Of course, another way of looking at Lee-Egan is that she is just like my own mother in 1970, confident about what ails the world and determined to live by her values. Lee-Egan helped start East Bay for Everyone, the YIMBY group that eventually tweeted the infamous picture of a 31-story tower at North Berkeley BART — the very same one that terrified my mother’s neighbors. Egan even avoids Monterey Market, she told me, because without those proposed bike lanes, she can’t get there safely with her kids riding in the front of her electric cargo bike. That anecdote made my mother cry when I told it to her later on — for real, actual tears — seemingly because it confirmed the arrival of a bewildering new generation, pushing for BART apartments and bike lanes, as if they cared not a lick about the Berkeley that we know and love.

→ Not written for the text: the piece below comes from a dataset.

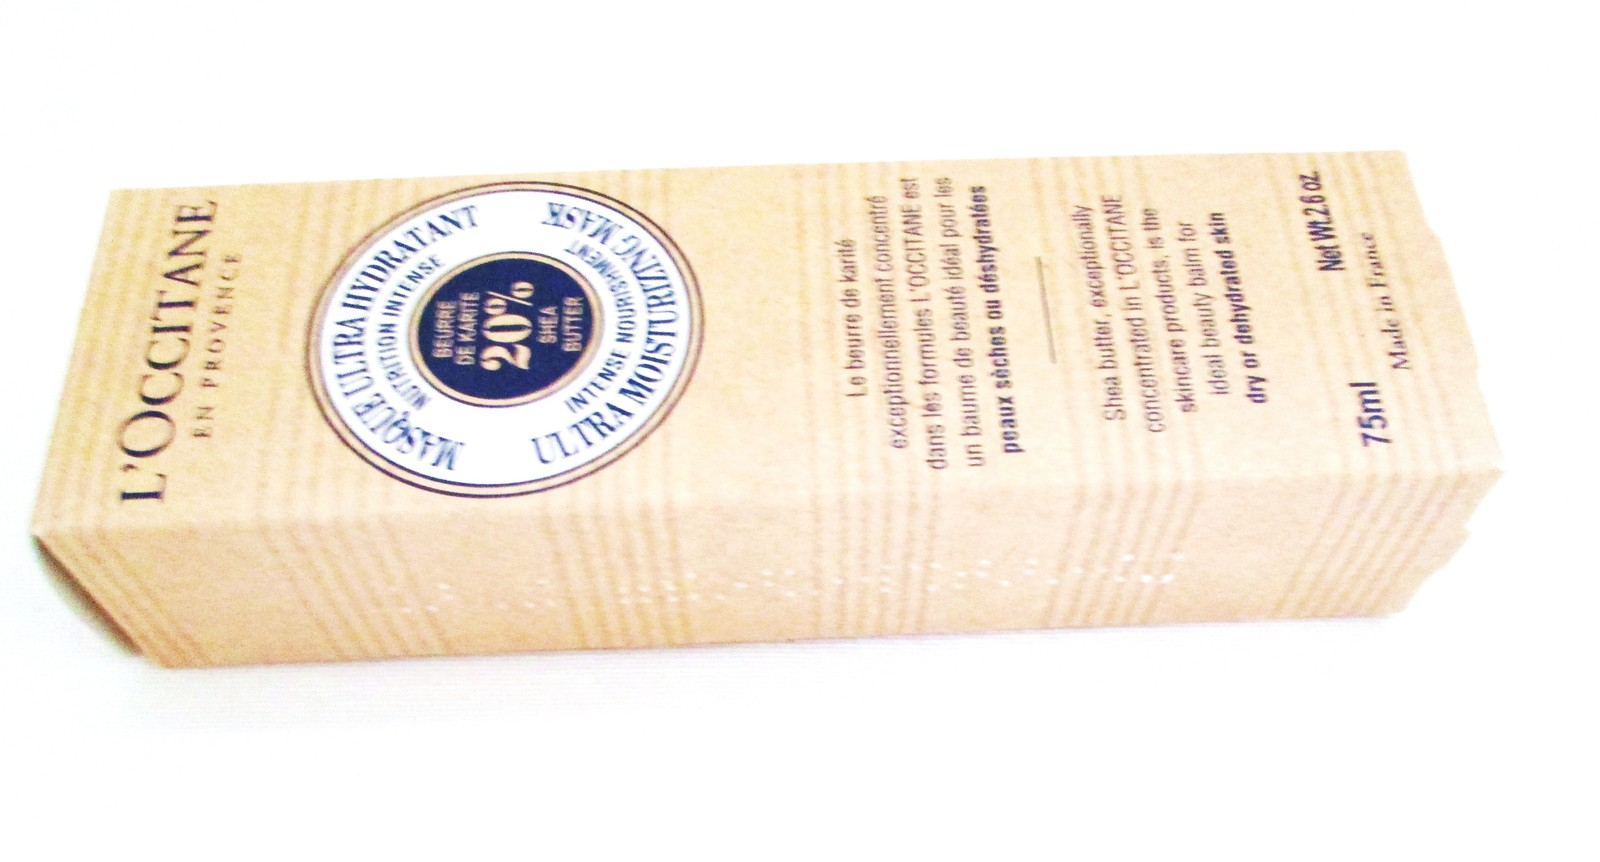 L'Occitane Ultra Moisturizing Mask 20% Shea. Boxed image 5

And yet, in still another parallel to my mother, Lee-Egan was likewise riding a wave of change aligned with her politics. Those new laws are forcing every California community to follow through on planning for more housing, and while many communities are dragging their feet, Berkeley has recently granted a planning permit for a 25-story apartment building downtown — dwarfing the city’s current tallest high-rise. Berkeley also appears on track to approve two more towers of comparable size and another that, at 28 stories, will be taller than the university’s famous campanile, which, at 307 feet, has defined the city’s skyline for more than a century. All that new construction was on people’s minds, of course, at the meet-and-greet at North Berkeley BART. People my folks’ age, with faint traces of once-hippie identities still visible around their fuzzy, gray-haired edges, gathered facing a man named Jonathan Stern from BRIDGE Housing, one of the nation’s largest nonprofit developers of affordable housing and the lead on the BART project.

Stern lives in Berkeley and dressed diplomatically for the occasion in a red Berkeley High School hoodie. He has also done this countless times, including at other BART stations. Stern reassured everyone that none of the current design plans include buildings taller than eight stories and that all the plans include at least some permanent supportive housing for the formerly homeless, as well as subsidized housing for people making less than $100,000 a year. The rest would be market rate — which could mean $6,000 a month, or even more, for a two-bedroom.